Buddhist Monastery Life in Myanmar

Throughout my trip in Myanmar, the colors of red and gold were a constant theme. The dark oxblood red of the monks’ robes accompanied my days from dusk ’til dawn. In the early mornings, the monks lined up in front of the monasteries, starting their way to collect the alms. In city places like Yangon, mostly bills of 50 to 500 kyats, in rural places, like in the monastery pictured below, the locals rather offered rice or curries. In every place I visited I did not cross a street without catching sight of the familiar dark red. The same applies to the color of gold. Even in the smallest village there was a little shrine boasting a golden statue of Buddha, along the road when on the bus, one spotted little temples or shrines with golden “htis” on every other hill, let alone all the bigger temples and Buddha statues around the country. In the evenings, when the novices had finished their tedious studies of Buddha’s scriptures, you caught them playing soccer or watching a movie.

These first images are from a brief visit to a monastery in Kalaw. A few monks were still studying in class and were chanting a few prayers which created a serene atmosphere enlighted by the warm evening sun.

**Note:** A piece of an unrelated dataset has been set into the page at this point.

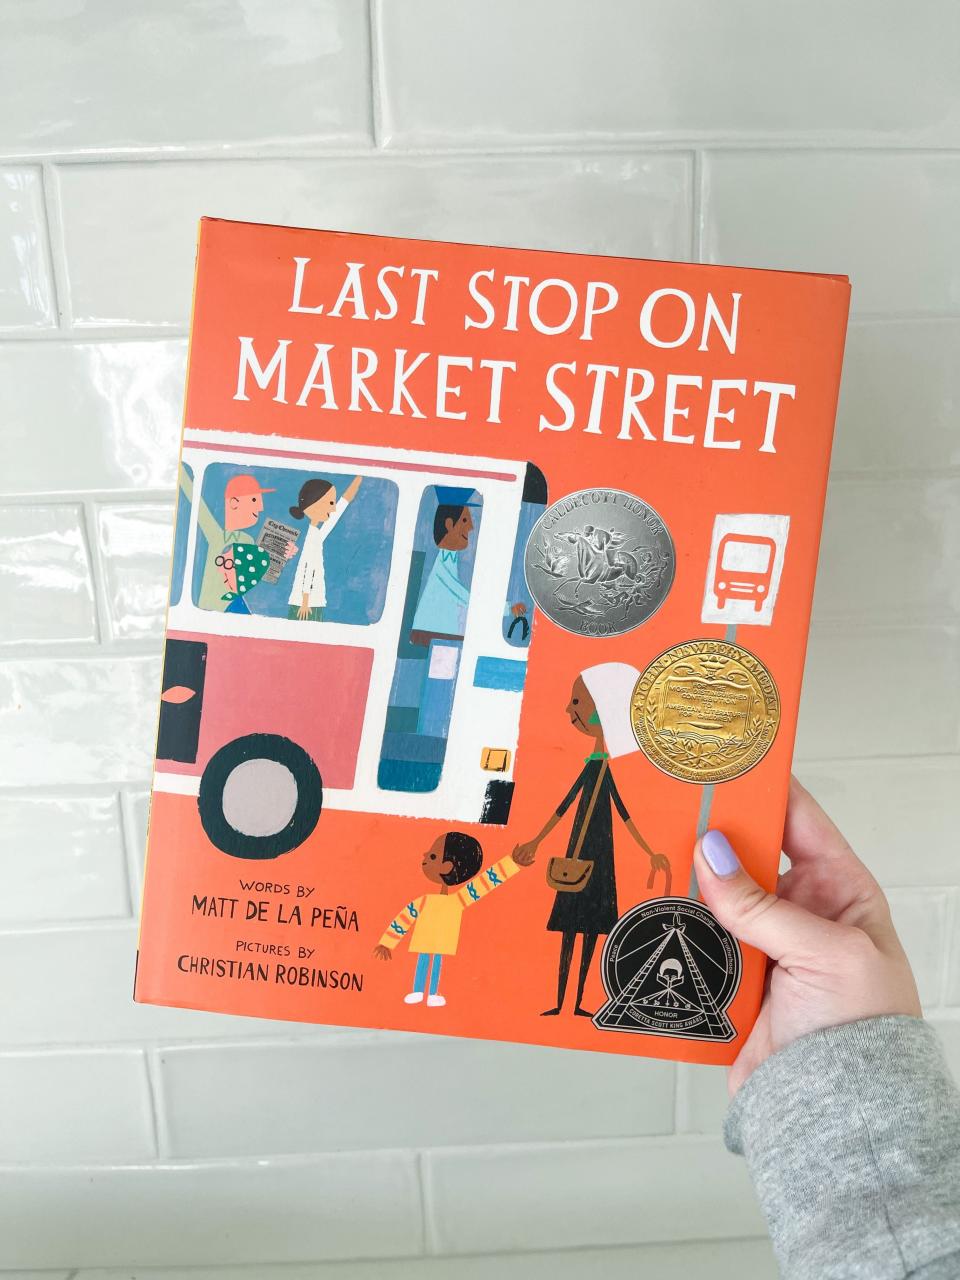 "Last Stop on Market Street" will be the 2022 Little Read Lakeshore featured book.
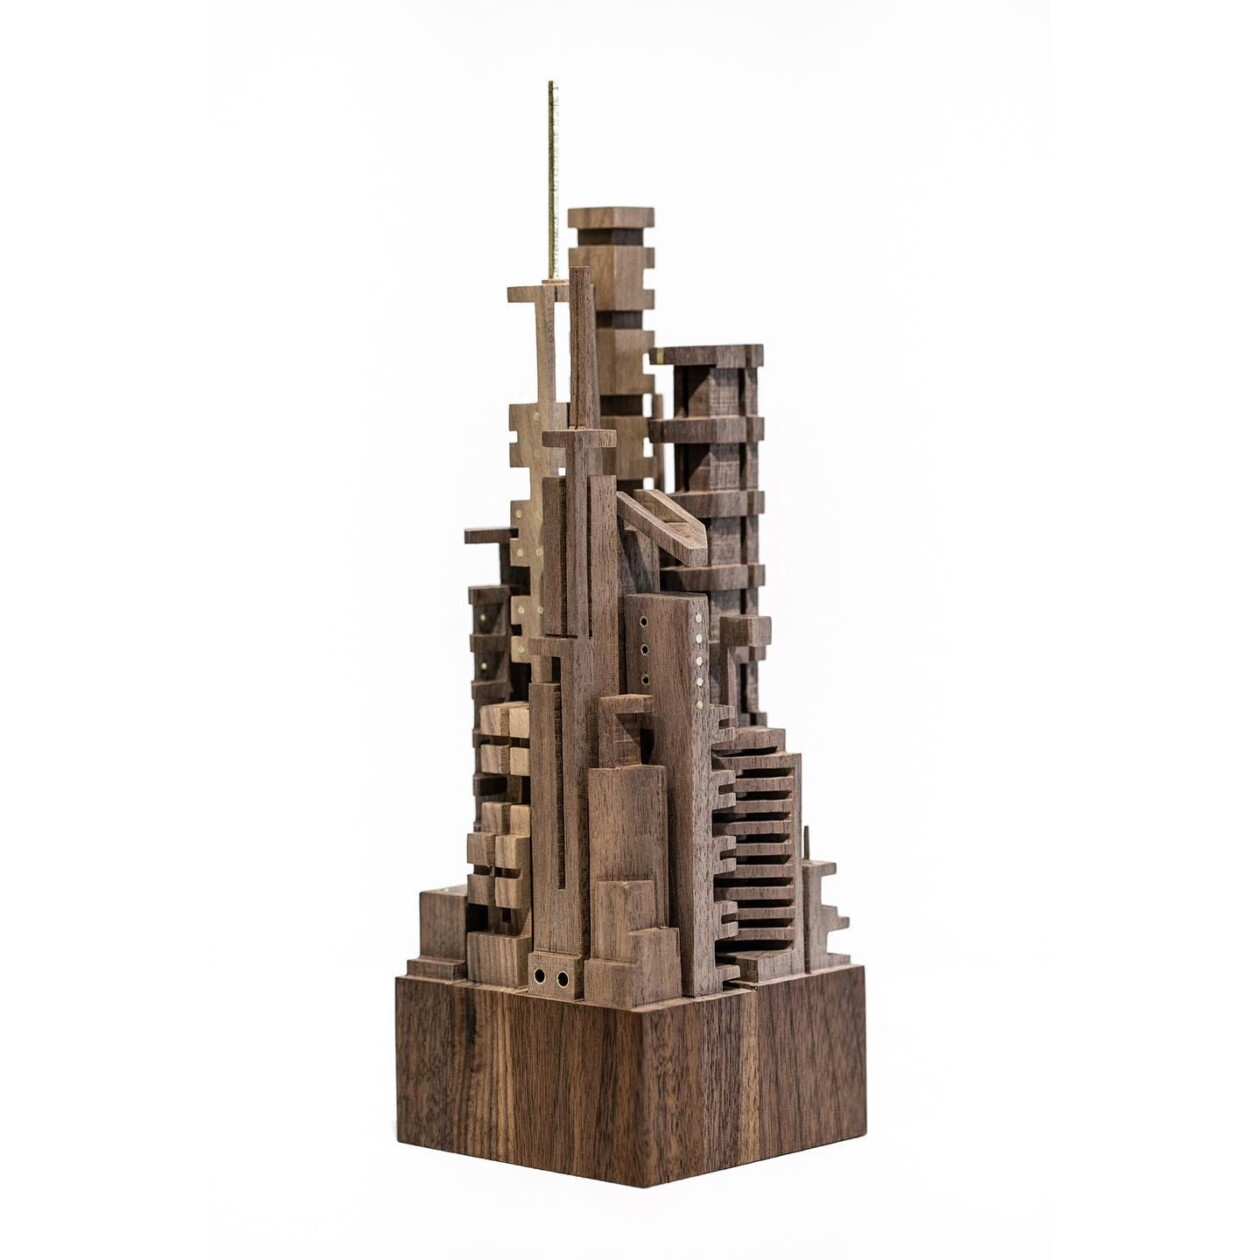 Intricate Cityscape Sculptures Made From Scrap Wood By James Mcnabb (1)

From Kalaw, I started a two-day trek covering the distance to Inle Lake by foot. Within this trek, we spent a night at a small rural monastery, possibly my favorite experience from the whole trip. I will report on the trek, the agency and the logistics in a different post, I just wanted to share my experience and thoughts about the night at the monastery here.

This monastery was rather a poor place in the Shan mountains. Most novices were between seven and 14 years of age, coming from the little villages around the hills. Most families send in their boys for educational reasons, within the monastery, food and education is provided to the novices. A 21-year-old monk was looking after all the little boys, teaching them about the Buddhist scriptures and faith.

Since the monks had very little at this monastery, the boys got creative with their toys. Also, they rejoiced in a game of soccer, a universal sport.

We spent the night in the common room of the monastery, most probably the most horrible night of all my trip since a fellow trekker was snoring so badly that even with earplugs, I didn’t catch much sleep. However, being woken up by the sound of the tiny feet tipping over the wooden floors, was well worth the experience.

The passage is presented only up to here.